Monday, 11 January 2021 13:16

How GitHub revamped its on-call strategy for over 50 engineering teams

By

Global open-source software host, GitHub, serves 56 million users and is the custodian of billions of lines of open-source code. With such a product, on-call is part of life, but it doesn’t have to come at the expense of work-life balance or accepting technical debt.

Whether we're performing routine maintenance out-of-hours, or we're in the midst of a global pandemic, robust on-call is essential for any technical organisation.

Like many companies such as Google, Netflix and others - even small organisations, let alone planet-size ones - as GitHub expands its product offerings by number and complexity it became critical to evolve its on-call strategy to maintain scale with its 56 million, and growing, users.

GitHub previously had a monolithic on-call structure but transformed it into having each of its 50+ engineering teams be responsible for the code they maintain. This including assigning ownership of 16,000 files from the monolithic Ruby on Rails codebase to those teams while dealing with educational hurdles and addressing the work-life balance.

This was not purely a logistical effort; Mary Moore Simmons, Director of Engineering at GitHub, also scoped out the various cultural and education hurdles, including adding COVID-19 into the mix, cultivating a blameless culture, creating training, dealing with criticality, and focusing on long-term success.

She detailed the adventure in a recent blog post, distilling her learnings and challenges for the benefit of IT professionals globally. In fact, putting aside GitHub’s size for a moment, the problems GitHub experienced are not so dissimilar to any other organisation.

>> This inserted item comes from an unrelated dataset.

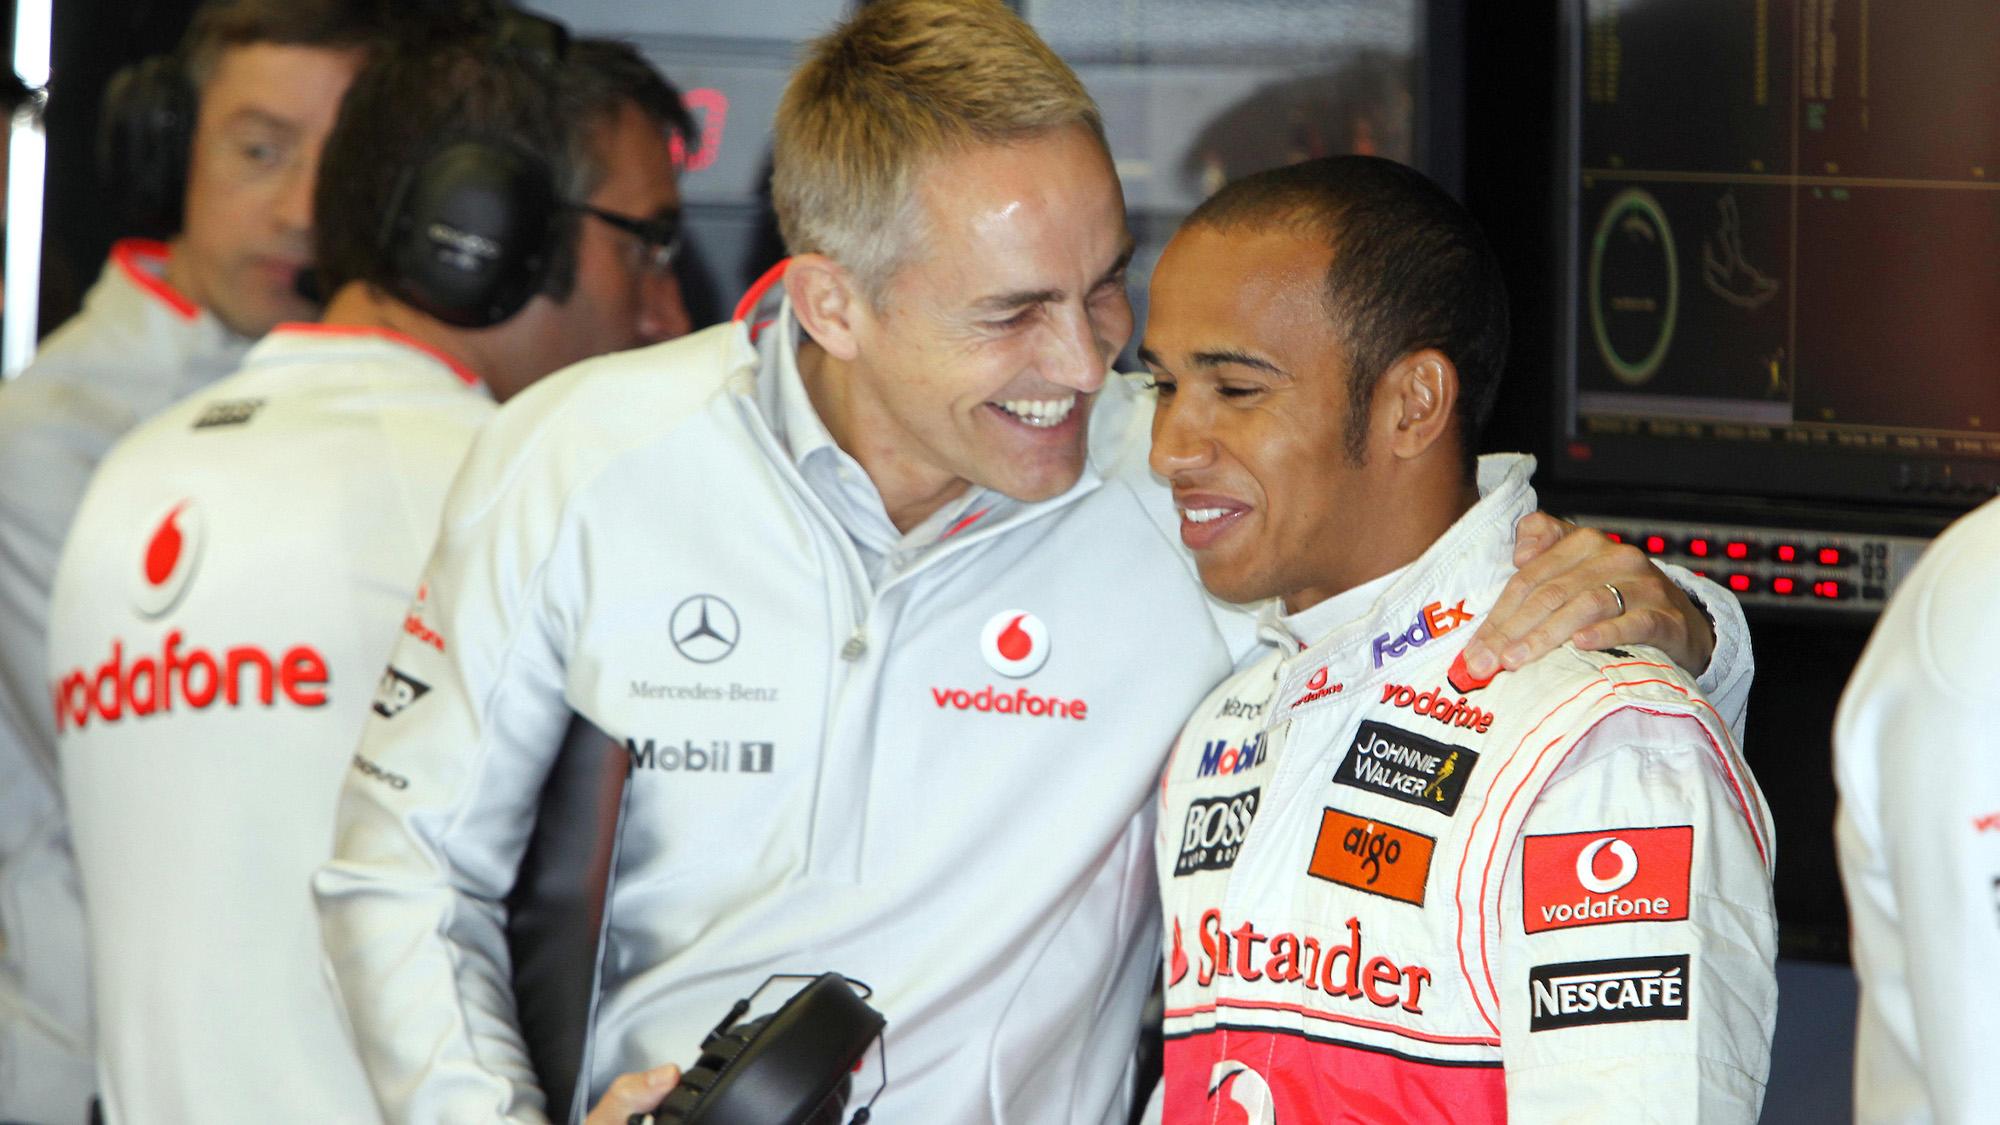 Martin Whitmarsh with Lewis Hamilton in 2009
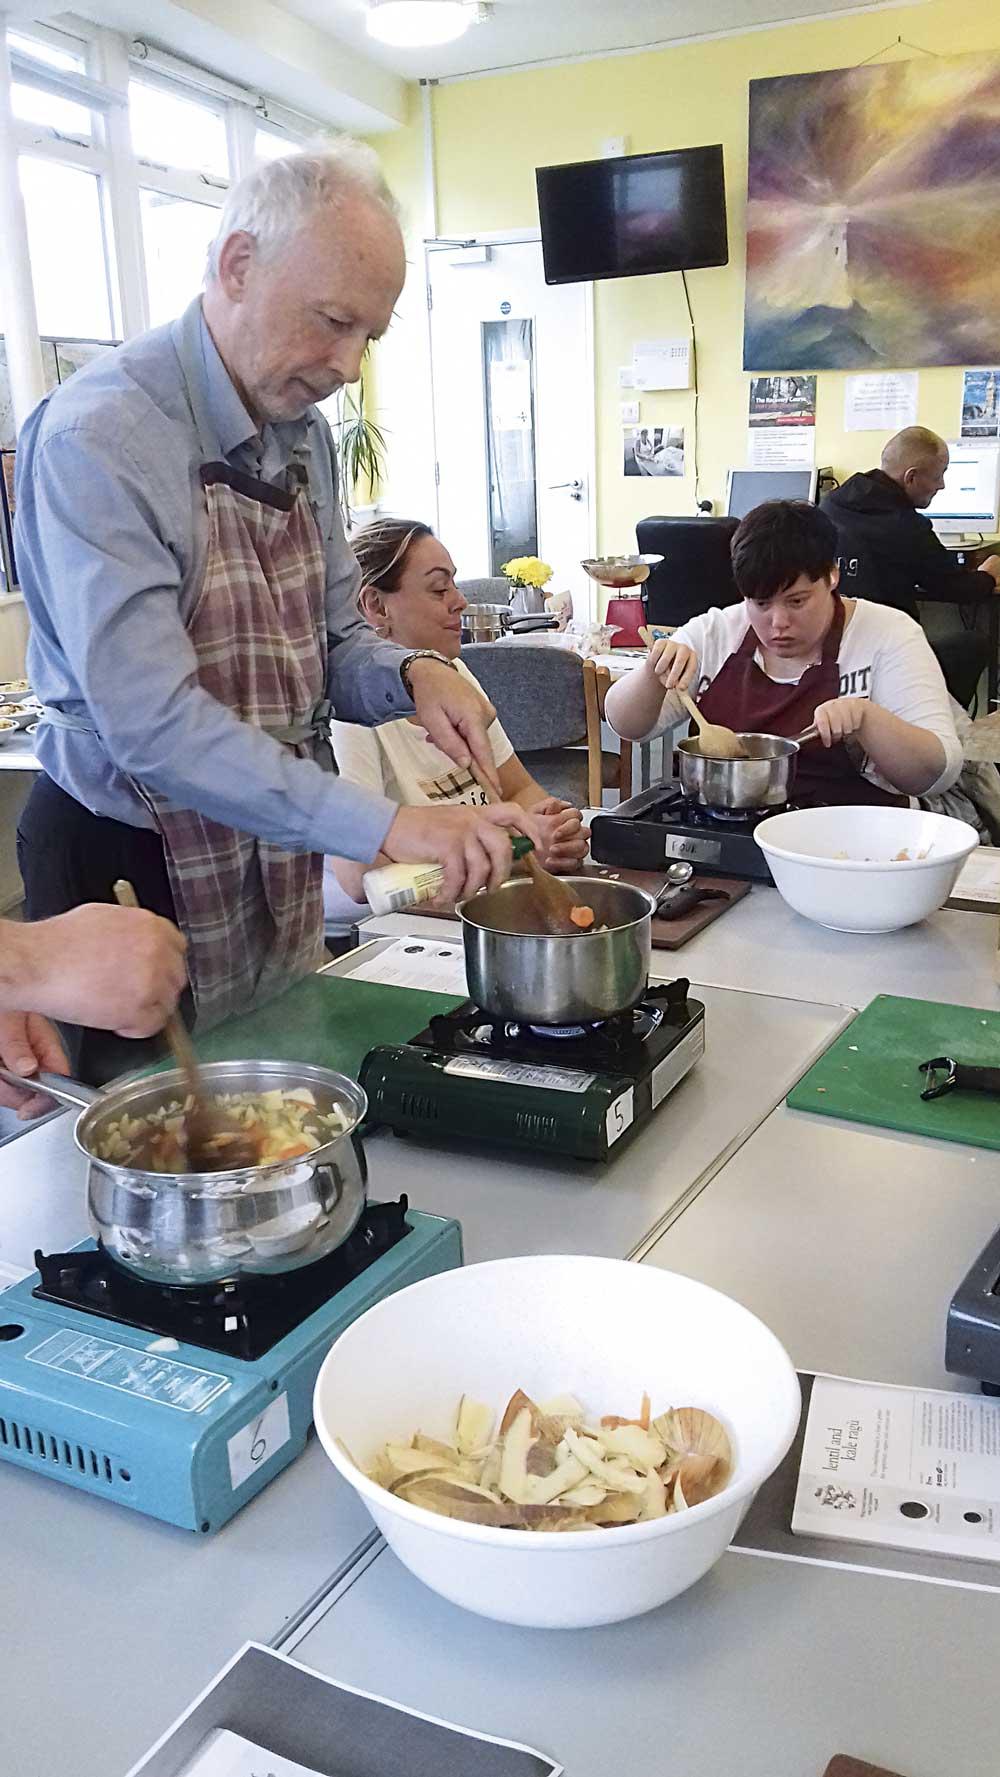 Cookery workshop

Previously, GitHub's monolith spanned a huge number of products and features. Most engineers did not have enough familiarity with great swathes of the codebase to feel confident when responding to on-call incidents. This meant frequent escalations to another team and the engineer felt more like a switchboard operator than a team.

Additionally, the on-call rotation was large with a 24-hour on-call period. Consequently, engineers were only actually on-call about four times per year and thus invariably many never gained the context to provide this confidence.

Compounding the situation, the monitoring and documentation were not well-maintained because the on-call rotation was spread so far and engineers only had to deal with it for 24 hours at a time. Without determined effort, the result was noisy alerts and poor runbooks.

Then, because most engineers weren't confident with the monolithic on-call shift, the same small group of people who knew the platform best were involved in every production incident causing an imbalance in on-call responsibilities and taking their time from any other project they were involved in.

Simmons knew something had to be done. The first step was logistics and assigning ownership of specific code to specific engineering teams. With a 16,000+ file codebase in one monolith, this was no small effort. To resolve it, GitHub rolled out a new system to associate files to services, and services to teams. For example, components of the API belong to the apps team while the permissions model belongs to the authorisation team.

This detail is now pulled into an internal Service Catalog, so any GitHub staff member can identify unambiguously which engineering team owns which service.

To ensure compliance, a new lint rule was added that prevented any code being updated in, or added to, the monolith without the ownership information being supplied.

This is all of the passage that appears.